The second tier of diets, with scores between 75 and 85, included vegan and low-fat diets that encourage consumption of fruits and vegetables, grains, and nuts while limiting alcohol and food and drink consumption. with added sugar.
However, experts have acknowledged the long-term difficulties of adhering to these strict restaurant diets and have warned vegans like actors Olivia Wilde, 39, and Joaquin Phoenix, 48, as well as the former heavyweight boxer heavy David Haye, 42, that they could risk vitamin B-12 deficiency which could cause red blood cell abnormalities leading to anemia by following a strict vegan diet, and recommended taking supplements.
Very-low-fat, low-carb diets formed the third tier of diets with scores between 55 and 74, with some very-low-fat diets linked to the potential slow progression of accumulation fatty arteries.
Both diets were also said to restrict the food groups highlighted in the AMA guidelines.
However, the lowest ranked diets, with scores below 55, turned out to be the Paleolithic and very low carb/ketogenic diets.

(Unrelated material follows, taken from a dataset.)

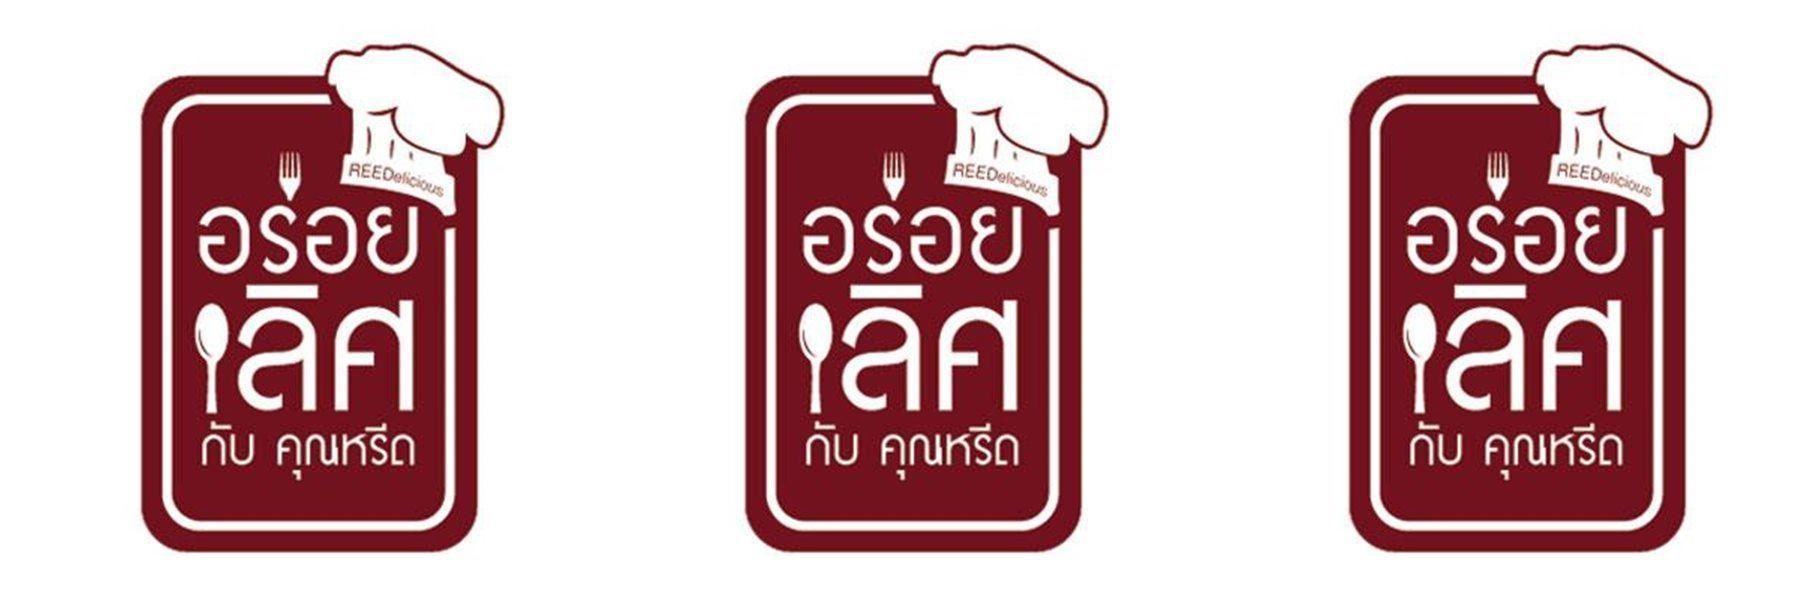 ดูละครย้อนหลัง Ryunabe Sathorn Hotpot Cuisine Bangkok l อร่อยเลิศกับคุณหรีด l 22 มี.ค. 62

The bizarre Paleo diet, which was followed by actors Matthew McConaughey, 53, and Channing Tatum, 43, is a plant-based diet based on foods humans might have eaten during the Paleolithic era around 2.5 million to 10,000 years ago.
It focuses on foods that our ancestors could obtain through hunting and gathering and avoids foods that came after the agricultural revolution such as grains, legumes, and dairy products.
Keto dieters, on the other hand, eat a lot of fat and very little carbs, so your body enters a fat-burning mode called ketosis.
This bizarre diet technique was sampled by the Kardashian sisters, actress Halle Berry, 56, and basketball superstar LeBron James, 38.
These restrictive diets, while helpful in the short term for weight loss, may lead to reduced fiber intake while being unrestrictive on saturated fat, which could increase the risk of cardiovascular disease.
Of these low-ranking heart health diets, Dr. Gardner said: “There really is no way to follow Level 4 diets as intended and still be aligned with the AMA’s dietary advice.
“They are very restrictive and difficult for most people to stick to long term.
“While there are likely to be short-term benefits and substantial weight loss, it’s not sustainable.
“A diet that is effective in helping an individual maintain their weight loss goals, from a practical standpoint, must be sustainable.”
Dr. Gardner added that conflicting information about diets prevents us from identifying which one might work for us.
“We often find that people don’t fully understand popular eating habits and don’t follow them as expected,” Dr. Gardner said.
“When this is the case, it is difficult to determine the effect of the ‘diet as intended’ and to distinguish it from the ‘diet as taken’.
“Two research findings that seem contradictory may simply reflect that there was high adherence to diet in one study and low adherence in the other.”
The AMA’s advice did not take into account commercial dieting techniques such as Weight Watchers or Noom, short-term diets intended to be followed for less than 12 weeks, practices such as intermittent fasting or time-restricted diets or diets designed to manage non-cardiovascular disorders. terms.